History

Great Britain
- Name: Earl of Mansfield
- Operator: East India Company
- Builder: Wells & Co. Rotherhithe
- Fate: Sold on stocks to Royal Navy

Great Britain
- Name: HMS Weymouth
- Builder: Wells & Co. Rotherhithe
- Launched: 30 September 1795
- Acquired: By purchase on the stocks
- Commissioned: Never
- In service: 1796
- Fate: Wrecked 21 January 1800

General characteristics
- Class & type: Fourth rate
- Tons burthen: 1416, or 143356⁄94 (bm)
- Length: 175 ft 6 in (53.5 m) (overall); 144 ft 1 in (43.9 m) (keel);
- Beam: 43 ft 3 in (13.2 m)
- Depth of hold: 19 ft 7 in (6.0 m)
- Propulsion: Sails
- Sail plan: Full-rigged ship
- Complement: 344 (Fourth rate)
- Armament: Fourth rate:; Lower deck (LD): 28 × 18-pounder guns; Upper deck (UD): 28 × 32-pounder carronades; Transport: 26 guns;

= HMS Weymouth (1795) =

HMS Weymouth was laid down as the East Indiaman Earl of Mansfield.
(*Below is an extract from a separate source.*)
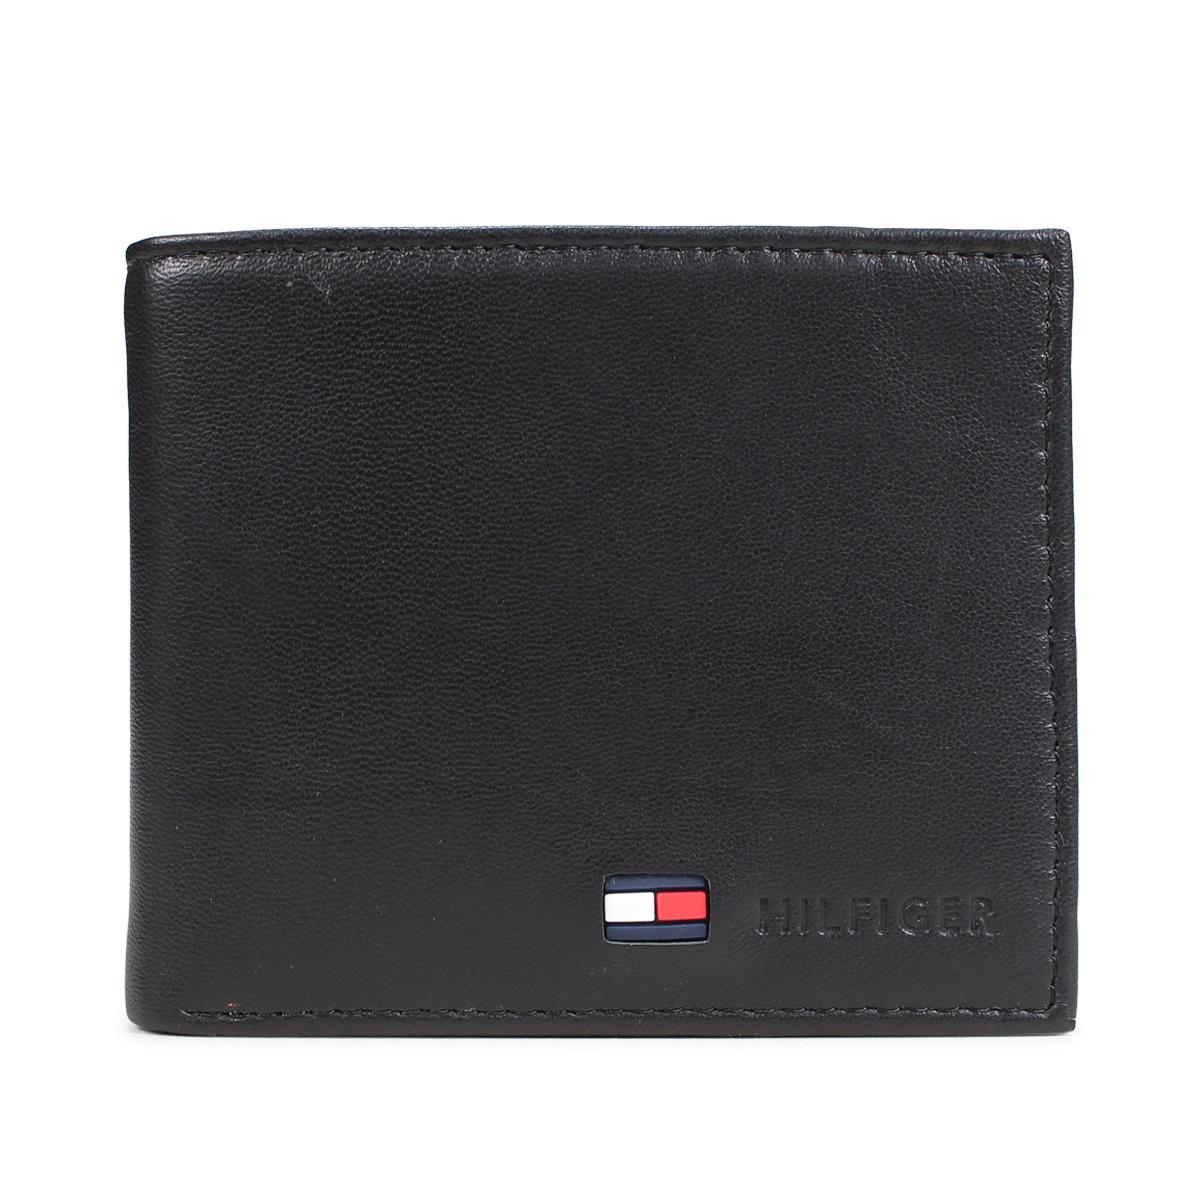 2cbfb54491f TOMMY HILFIGER STOCKTON トミーヒルフィガー wallet folio men leather black  31TL25X020-001 [2/ ...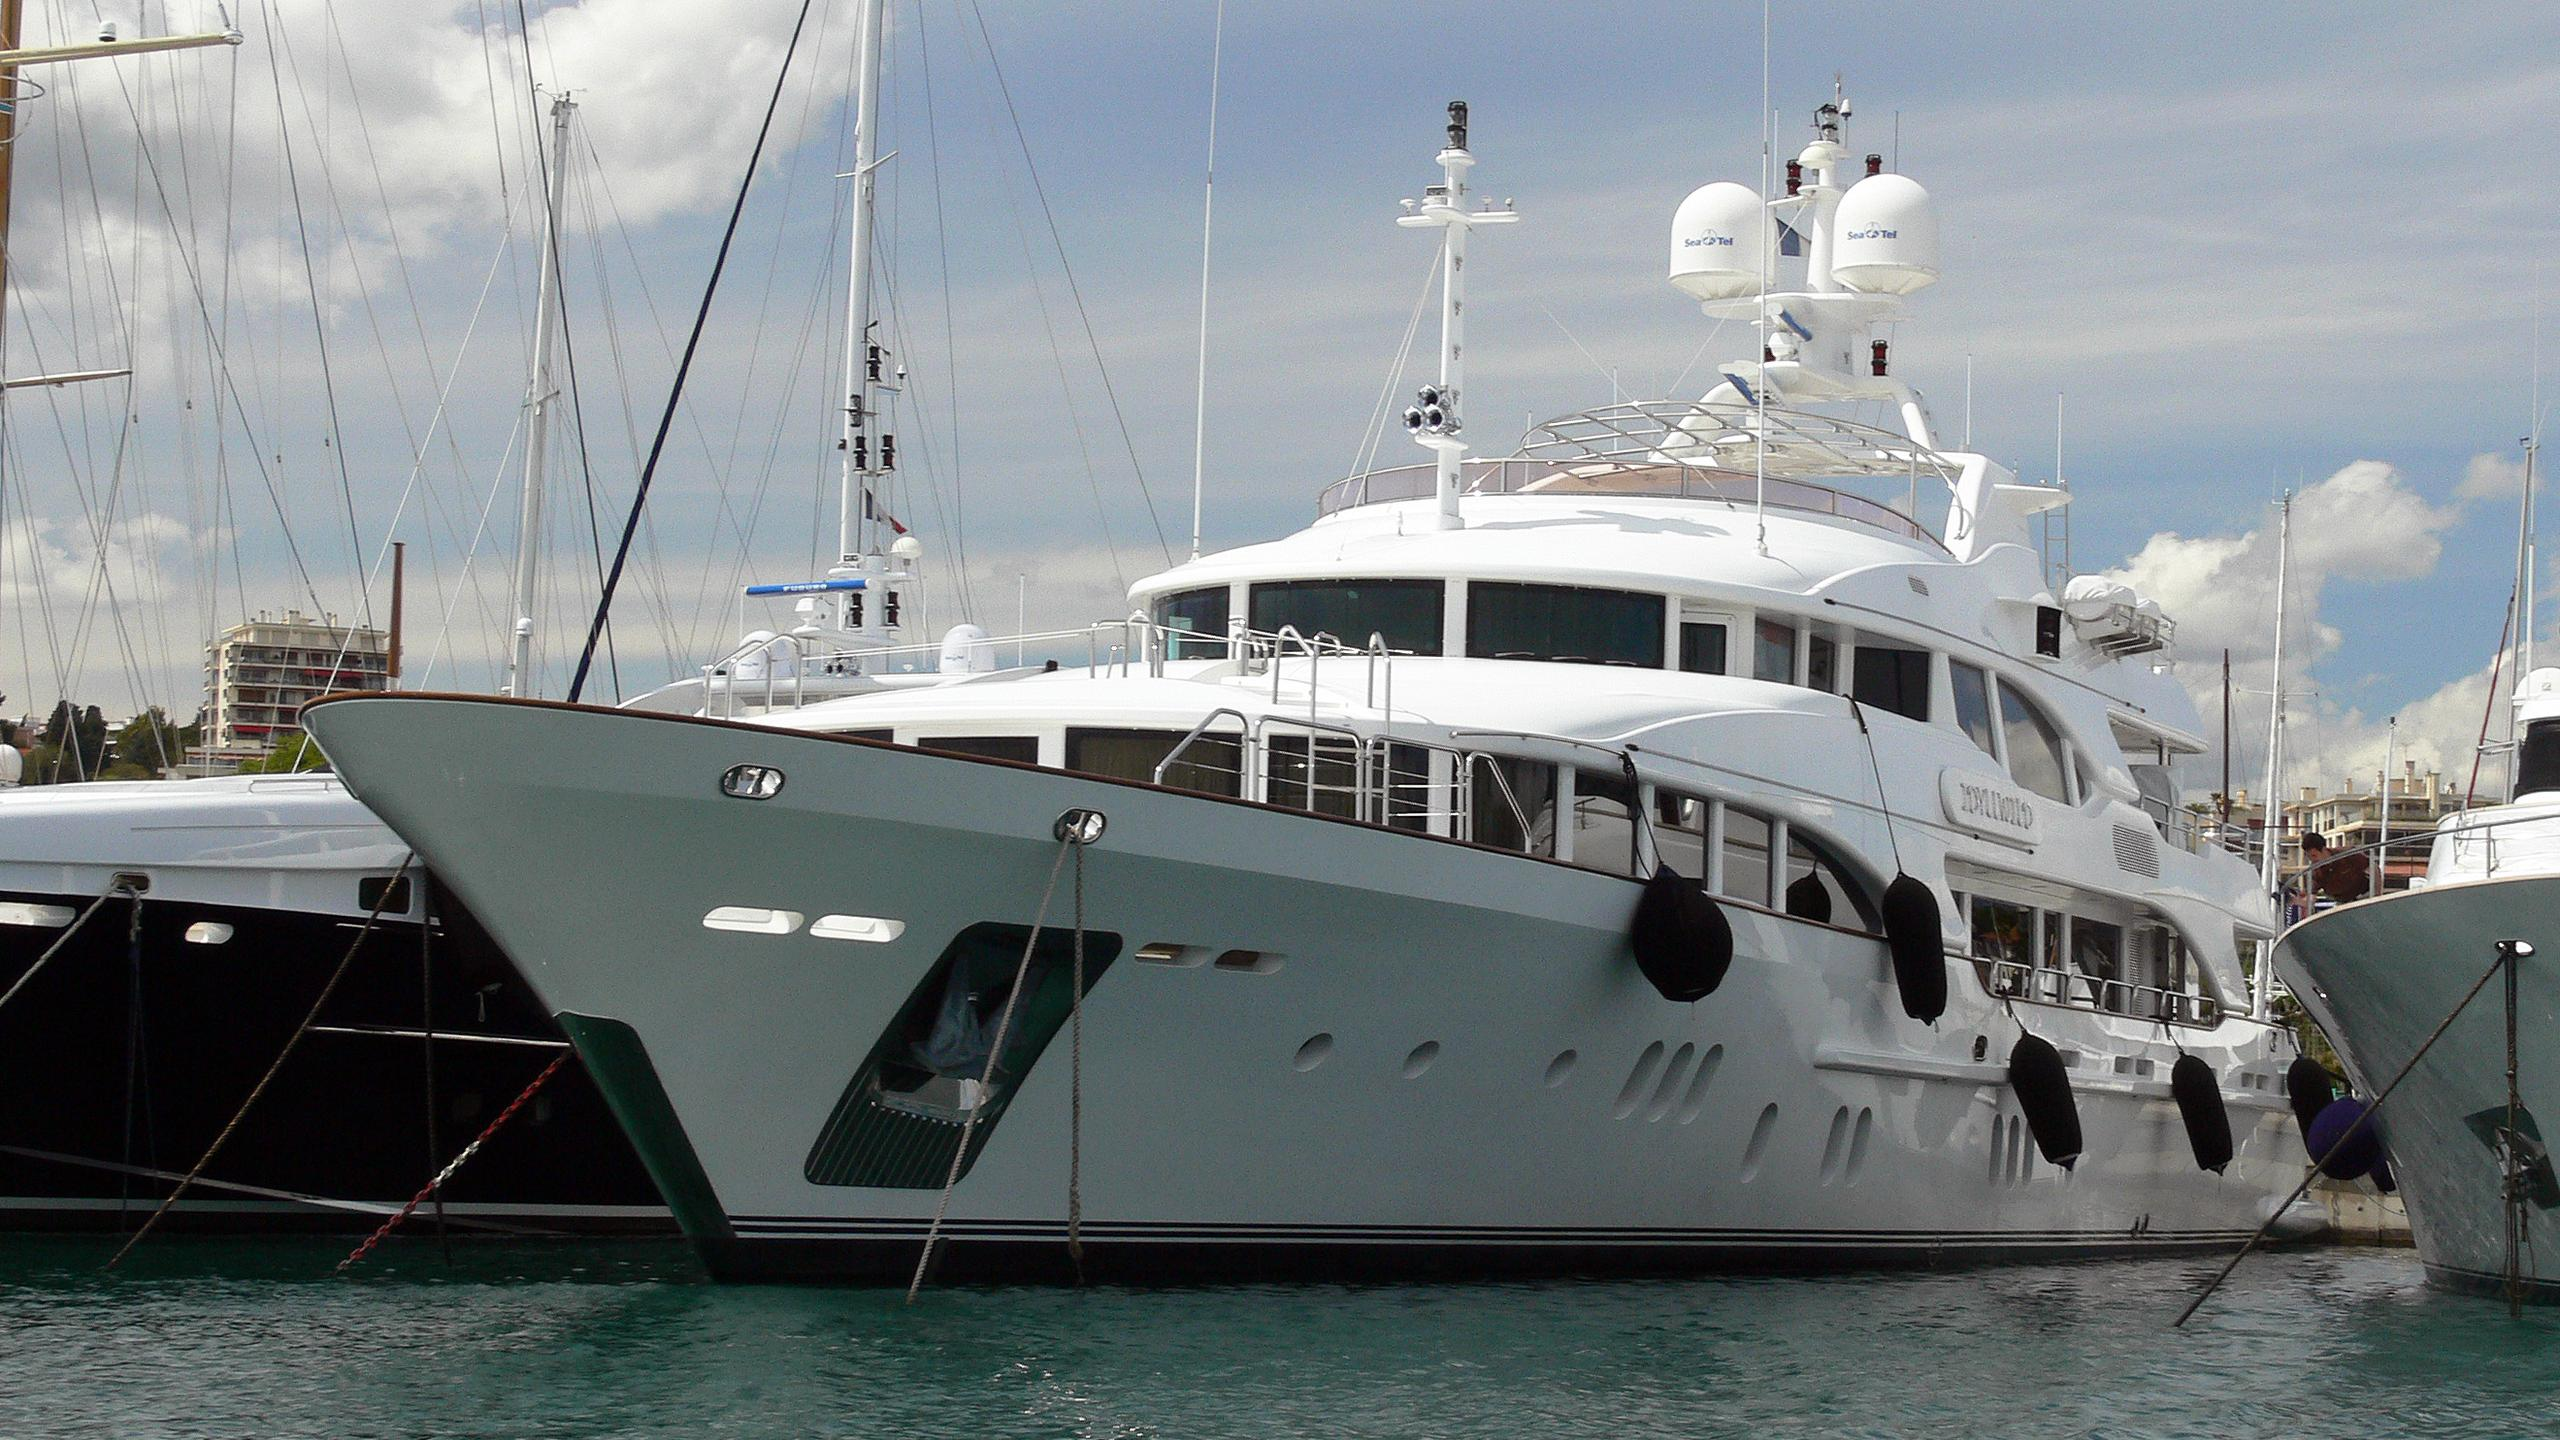 idyllwild-motor-yacht-benetti-vision-2005-44m-moored-bow

The British Royal Navy purchased her on the stocks to use as a 56-gun fourth rate. She was launched in 1795 but never was commissioned in the Royal Navy. She was transferred in February 1796 to the Transportation Board as a transport. Lieutenant Robert Passmore took command in June 1796. Commander Charles Ryder succeeded Passmore in July 1798, and Commander Ambrose Crofton replaced Ryder in August 1799.

Having sailed from Portsmouth, she was wrecked on 21 January 1800 on the bar in the Tagus on the coast of Portugal as Crofton was attempting to sail her into Lisbon harbour. Her crew was saved.